Sarhan R. M., Koopman W., Pudell J.-E., Stete F., Rössle M., Herzog M., Schmitt C. N. Z., Liebig F., Koetz J., and Bargheer M.
Scaling up Nanoplasmon Catalysis: The Role of Heat DIssipation
Nanoscale heating by optical excitation of plasmonic nanoparticles offers a new perspective of controlling chemical reactions, where heat is not spatially uniform as in conventional macroscopic heating but strong temperature gradients exist around microscopic hot spots. In nanoplasmonics, metal particles act as a nanosource of light, heat, and energetic electrons driven by resonant excitation of their localized surface plasmon resonance. As an example of the coupling reaction of 4-nitrothiophenol into 4,4′-dimercaptoazobenzene, we show that besides the nanoscopic heat distribution at hot spots, the microscopic distribution of heat dictated by the spot size of the light focus also plays a crucial role in the design of plasmonic nanoreactors. Small sizes of laser spots enable high intensities to drive plasmon-assisted catalysis. This facilitates the observation of such reactions by surface-enhanced Raman scattering, but it challenges attempts to scale nanoplasmonic chemistry up to large areas, where the excess heat must be dissipated by one-dimensional heat transport.
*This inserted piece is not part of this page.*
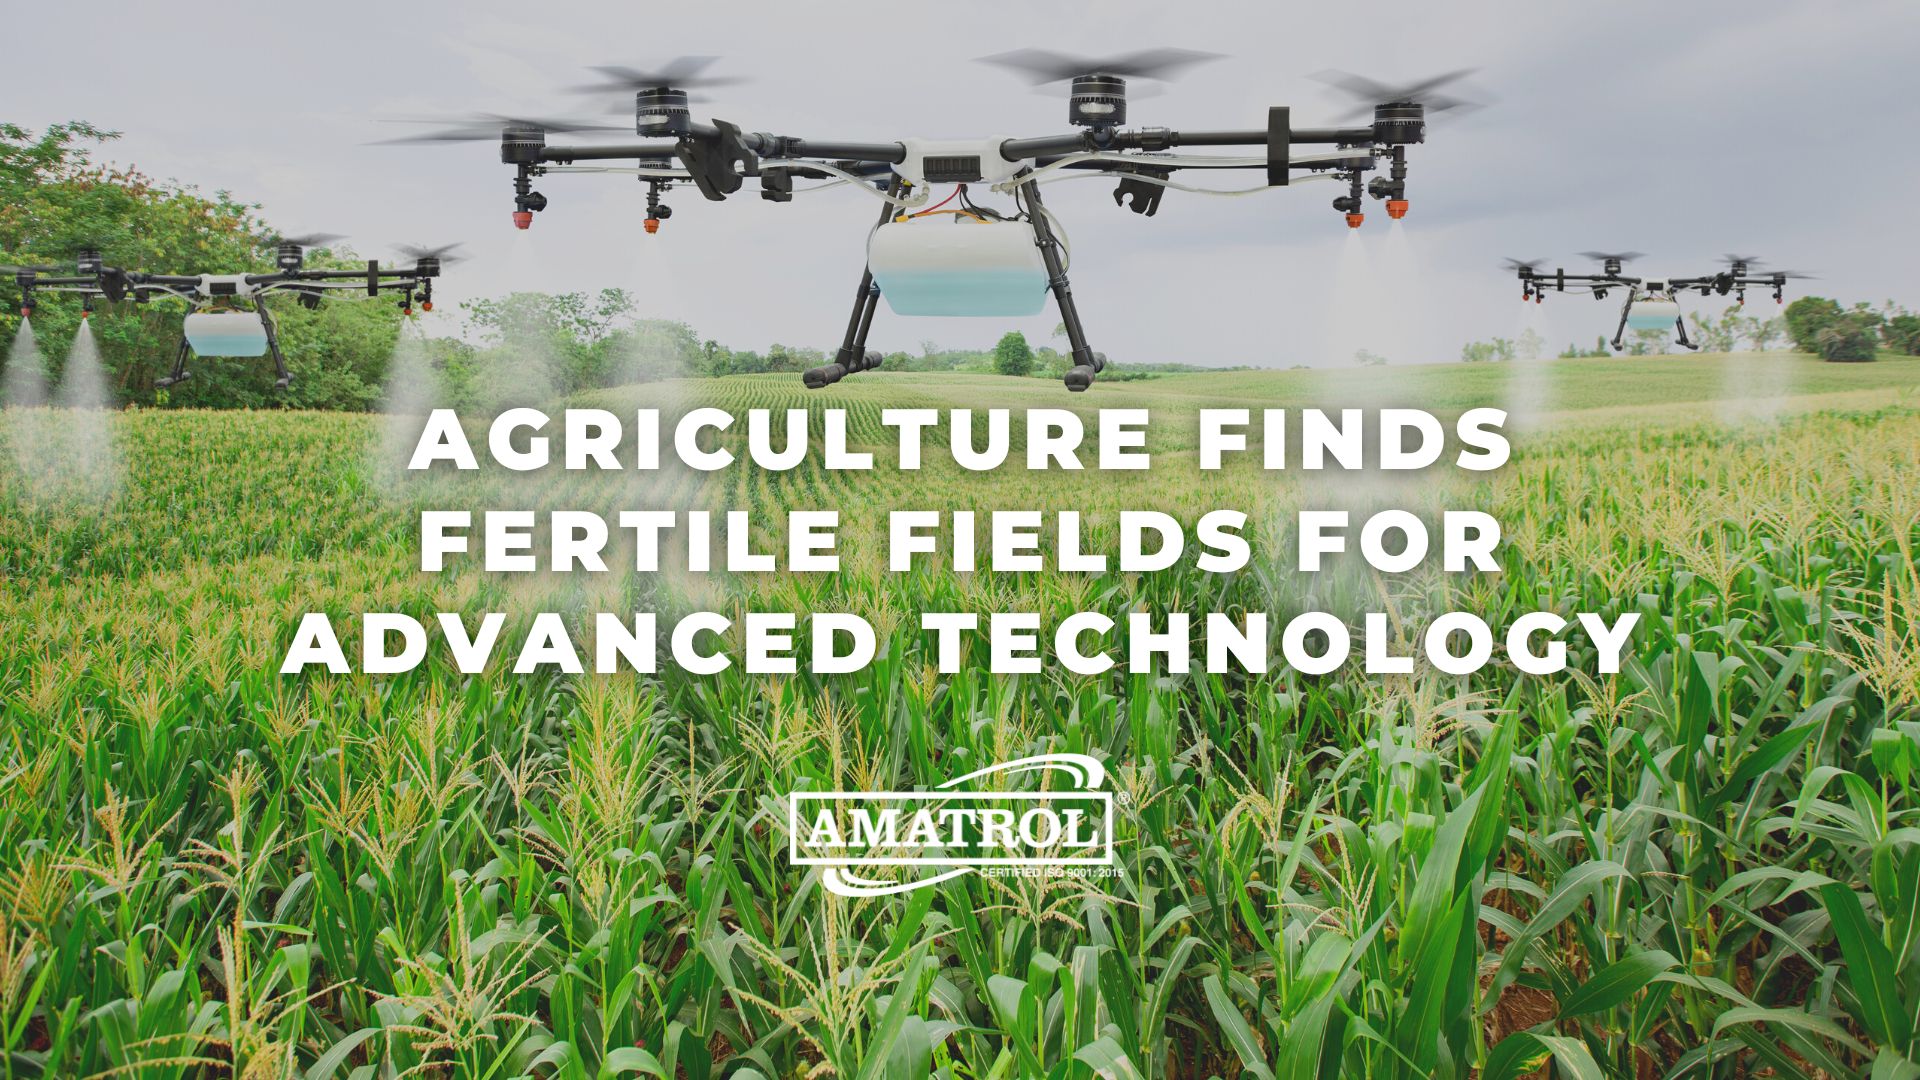 Amatrol - Agriculture Finds Fertile Fields for Advanced Technology 169

Sarhan R. M., Koopman W., Schuetz R., Schmid T., Liebig F., Koetz J., and Bargheer M.
The importance of plasmonic heating for the plasmon-driven photodimerization of 4-nitrothiophenol
Metal nanoparticles form potent nanoreactors, driven by the optical generation of energetic electrons and nanoscale heat. The relative influence of these two factors on nanoscale chemistry is strongly debated. This article discusses the temperature dependence of the dimerization of 4-nitrothiophenol (4-NTP) into 4,4′-dimercaptoazobenzene (DMAB) adsorbed on gold nanoflowers by Surface-Enhanced Raman Scattering (SERS). Raman thermometry shows a significant optical heating of the particles. The ratio of the Stokes and the anti-Stokes Raman signal moreover demonstrates that the molecular temperature during the reaction rises beyond the average crystal lattice temperature of the plasmonic particles. The product bands have an even higher temperature than reactant bands, which suggests that the reaction proceeds preferentially at thermal hot spots. In addition, kinetic measurements of the reaction during external heating of the reaction environment yield a considerable rise of the reaction rate with temperature. Despite this significant heating effects, a comparison of SERS spectra recorded after heating the sample by an external heater to spectra recorded after prolonged illumination shows that the reaction is strictly photo-driven. While in both cases the temperature increase is comparable, the dimerization occurs only in the presence of light. Intensity dependent measurements at fixed temperatures confirm this finding.